Вечером я застал у Бака несколько человек с озабоченным видом, которых он, очевидно, пригласил с той же целью, что и меня. Сам он, точно метрдотель, все время переходил от одного к другому, что-то шептал, а потом озирал стол, который был обильно уставлен едой и еще обильнее питиями, но предназначен не для нас. Около 10 часов раздался резкий звонок. Бак суетливо рассовал нас по разным комнатам, и в щелку двери я увидел двух молодцов в кожаных куртках, усевшихся с Баком за стол и сразу приступивших к возлияниям. Затем по очереди хозяин вводил просителей в столовую. Меня все не звали, и настроение становилось все неприятнее. Вот уже хозяин остался только с куртками, доносился оживленный разговор, которого я разобрать не мог, и еще через несколько минут почетные гости шумно прощаются, после чего Бак уверяет, что чекист обещал просьбу исполнить, но так как дело политическое, то «благодарности» получать не желает, а потому и непосредственная беседа с ним стала лишней. Однако обещание не было исполнено. Напротив, дело приняло грозный оборот, когда арестованного увезли в Москву, но там пришел на помощь один из бывших учеников Каминки профессор Гойхбарг, бывший сотрудник «Права», а в будущем председатель «малого Совнаркома», и добился освобождения. А тот член коллегии ЧК через месяц был расстрелян.
Пребывание в тюрьмах, с которыми Каминке пришлось впервые познакомиться, произвело на него очень сильное впечатление, и он решил нелегально бежать с женой. Но и тут подстерегала неудача: не без опасности добравшись до границы Финляндии, они натолкнулись на грубый отказ финских пограничников и должны были вернуться восвояси, отягчив свое положение, и без того угрожаемое, попыткой бегства.
Конечно, и моя мысль уже устремлялась за границу. Но планы не приобретали сколько-нибудь реальных контуров. Сын обратился к академику С. Ольденбургу с просьбой дать мне заграничную командировку от Академии наук. Вчера еще активный кадет и министр Временного правительства, Ольденбург категорически отказал, и тогда это представлялось в такой же степени невероятным, в какой дальнейшее преуспеяние его под советским режимом делало странной саму мысль обратиться к нему с подобной просьбой.

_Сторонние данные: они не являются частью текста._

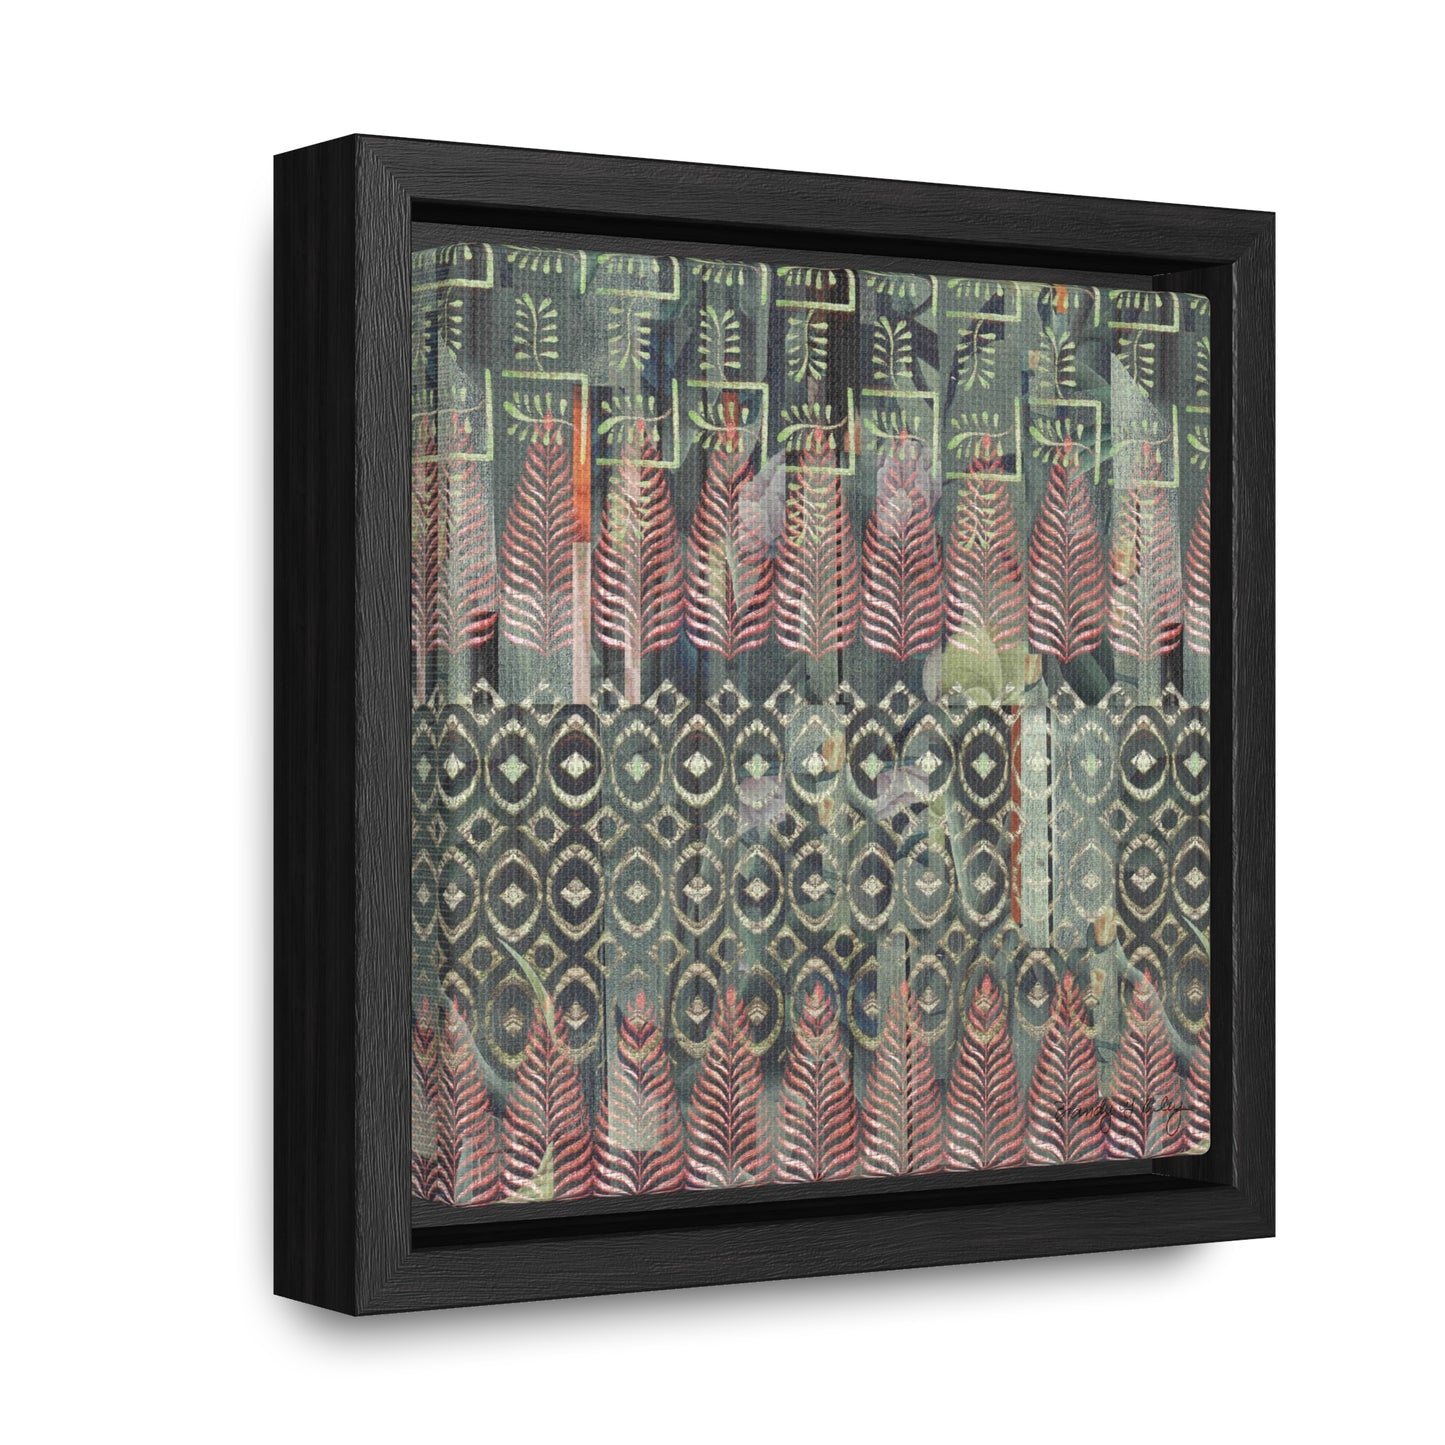 Mini framed canvas print featuring a green and red wood block and collage pattern

Другой план исходил от сына присяжного поверенного Лихтермана, тоже кадета, работавшего в «Речи». Он неожиданно явился на мотоциклетке, одетый в ставшую уже символической кожаную куртку, и сообщил, что занимает важный пост в каком-то транспортном учреждении, имеет в своем распоряжении вагон, который вправе прицепить к любому поезду, и готов доставить меня с семьей за границу: «Я вас как в люльке довезу». Репутация его не была абсолютно безупречной, и я уклонился от прямого ответа. Он приехал вторично. Я колебался, но он утверждал, что занимаемый им пост гарантирует от каких бы то ни было неприятных неожиданностей, не переставал предлагать свои услуги и все повторял: «Довезу как в люльке». Такая настойчивость только усиливала внутренние сомнения, он, вероятно, заметил это и на прощание с большим волнением сказал: «Помните же, что я всегда готов. А если от кого-нибудь услышите обо мне что-либо нехорошее, не верьте: я предан вам, а не им». Неблагоприятные слухи действительно появились, а затем он был расстрелян по обвинению в заговоре против советской власти. Его поведение было, очевидно, много сложнее, чем его представляли возникшие слухи, и это был случай далеко не единственный.
Конец неопределенному состоянию положил мой близкий друг; ему самому ЧК угрожала привлечением к делу об убийстве Урицкого. Он решил уехать с семьей и сумел найти новоиспеченного сановника, который за солидную взятку выдавал пропуск в Финляндию без предварительного сношения с ЧК. По отношению ко мне вопрос усложнялся необходимостью получить разрешение еще и от военно-революционного отдела для младших сыновей, бывших в призывном возрасте. Друг мой горячо доказывал, что нелепо оставаться, зная, что раньше или позже ареста не миновать, он же и Каминке предложил получить такой пропуск. Но когда я дома поставил ребром вопрос об отъезде, то встретил энергичное сопротивление со стороны сыновей: они были уже в последнем классе самого передового тогда Выборгского коммерческого училища, ежедневно из Царского ездили в школу, в которой царила очень дружная, здоровая атмосфера, и расставаться с нею было, конечно, тягостно. Я обратился за содействием к директору школы Герману, пользовавшемуся у учеников большим авторитетом, но и с его стороны встретил противодействие. Он не возражал против моего намерения уехать, но горячо убеждал оставить детей. У него самого были две дочери в одном классе с моими сыновьями, впоследствии они ушли, так сказать, от советского режима в религию, сам он вскоре умер, преподаватели частью были арестованы, частью умерли.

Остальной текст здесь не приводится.